I fear you have a big challenge- the chances that two different mics will make a seemless cut on continous dialogue is slim- even if the mics are very similar in design and purpose and almost hopeless if their placement was not identical.
That said- a pretty solid understanding of sound and the STP toolkit is badly needed. If your project is anything but a hobby, you might drive yourself crazy- experimenting with audio is fun when you know what your doing- its maddening when you don't.
STP has an interesting little tool- spectrum analyzer- I believe it is called. If you are so lucky as to have the same dialogue recorded from both mics, you might be able to anaylize "visually" what is different between the two.
If this line makes sense and you have the same dialogue from both mics, try it and see if you can "see" the difference and make the needed adjustments- it will never sound identical because- it's not.
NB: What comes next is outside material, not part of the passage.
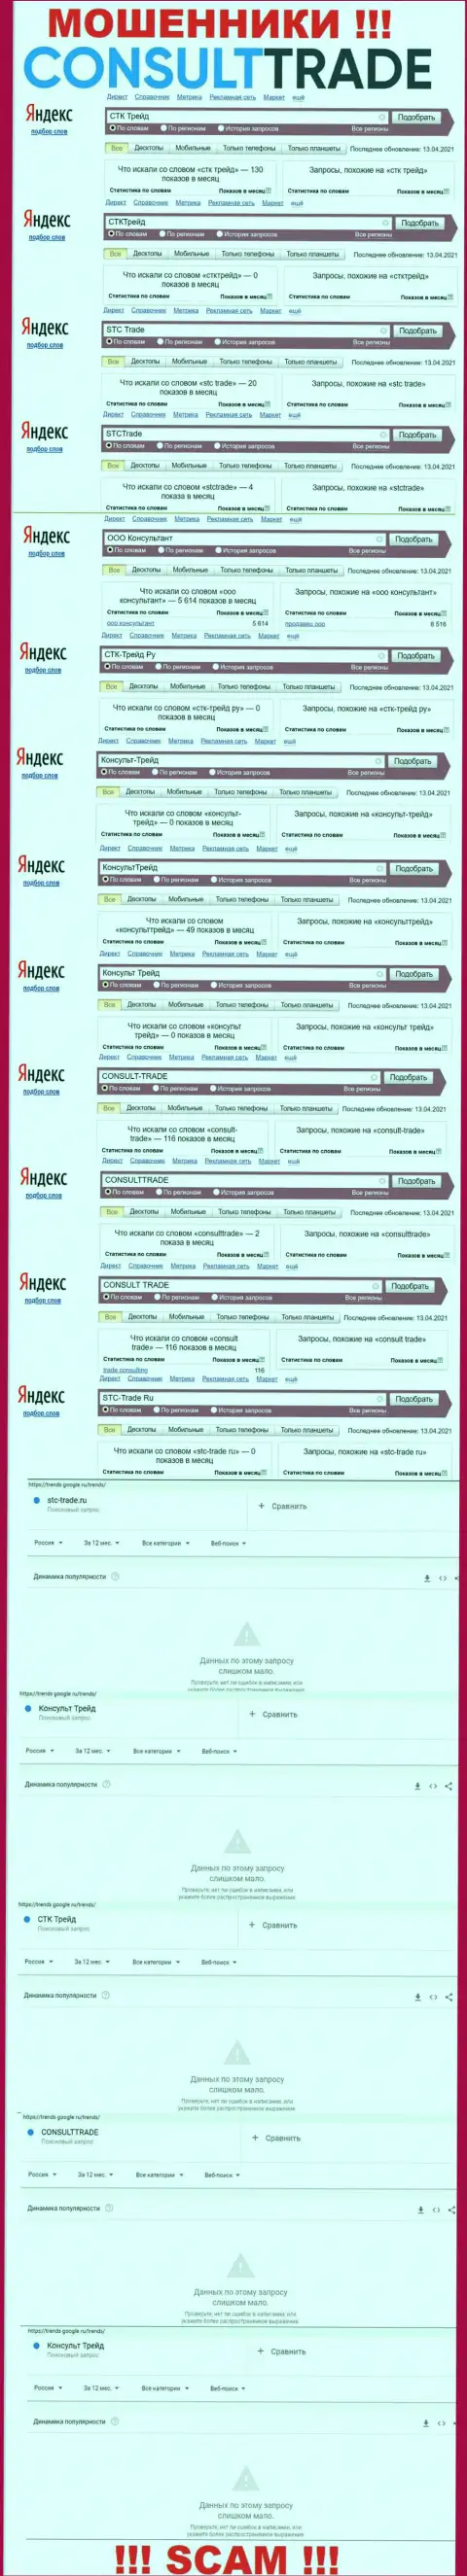 Скриншот статистических данных поисковых запросов по противозаконно действующей организации CONSULT-TRADE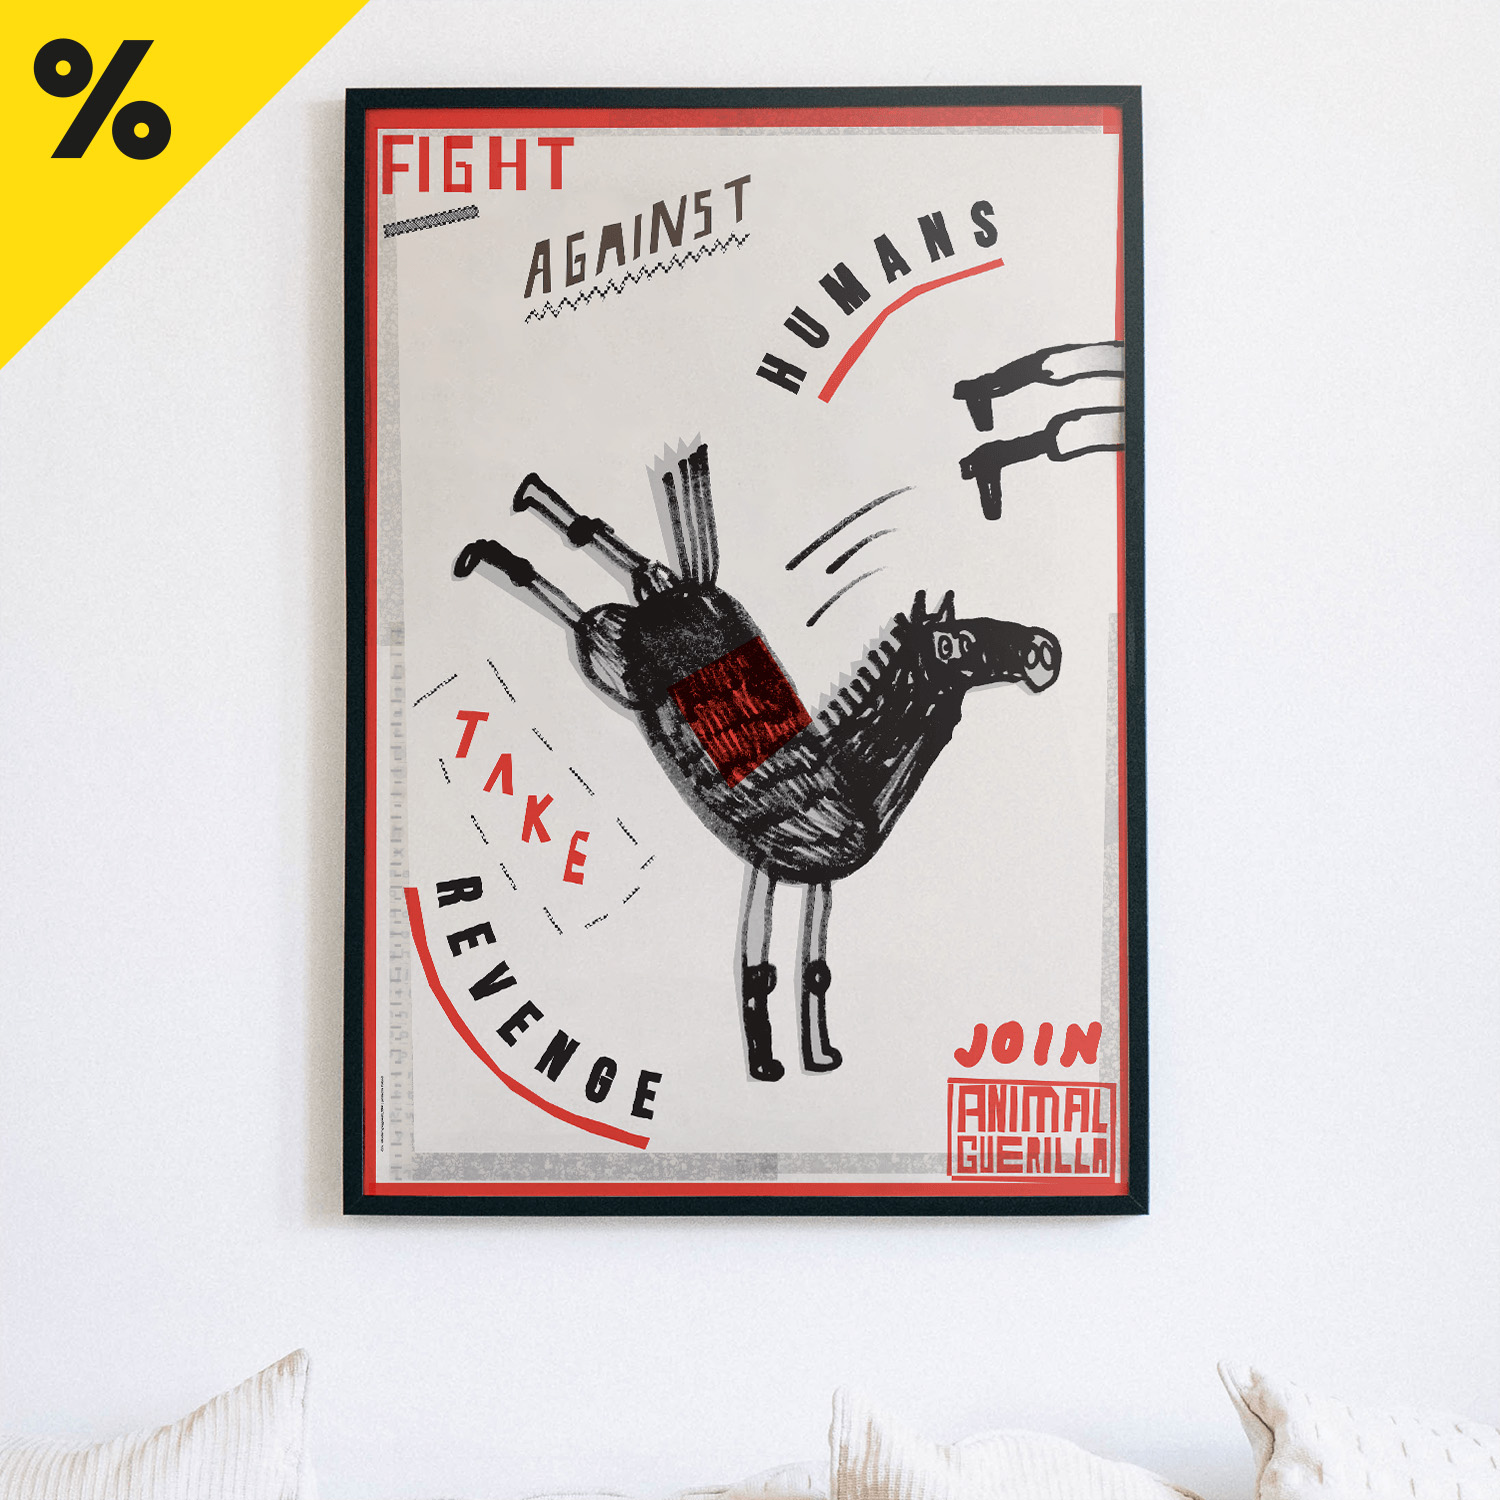 Plakat: "Animal guerilla"

Your best hope might be to "tweak" both mic tracks to a "middle-ground". By that, I mean effect them both in a way that they sound similar. The hope of making A sound like B, or B sound like A is slim, maybe you can make A and B sound kind of like C.
STP is awesome but it's not a replacement for a consistent, quality-minded location audio person with good gear.
Last thought- any hope of ADR (Automated Dialogue Replacement, I think)- or calling your talent in to "revoice" this portion of the show? This is the process of putting talent in a booth, playing back the scene on a monitor and letting them revoice the scenes in question.
Hollywood, and some of us, do it all the time. It can be tedious but is most effective.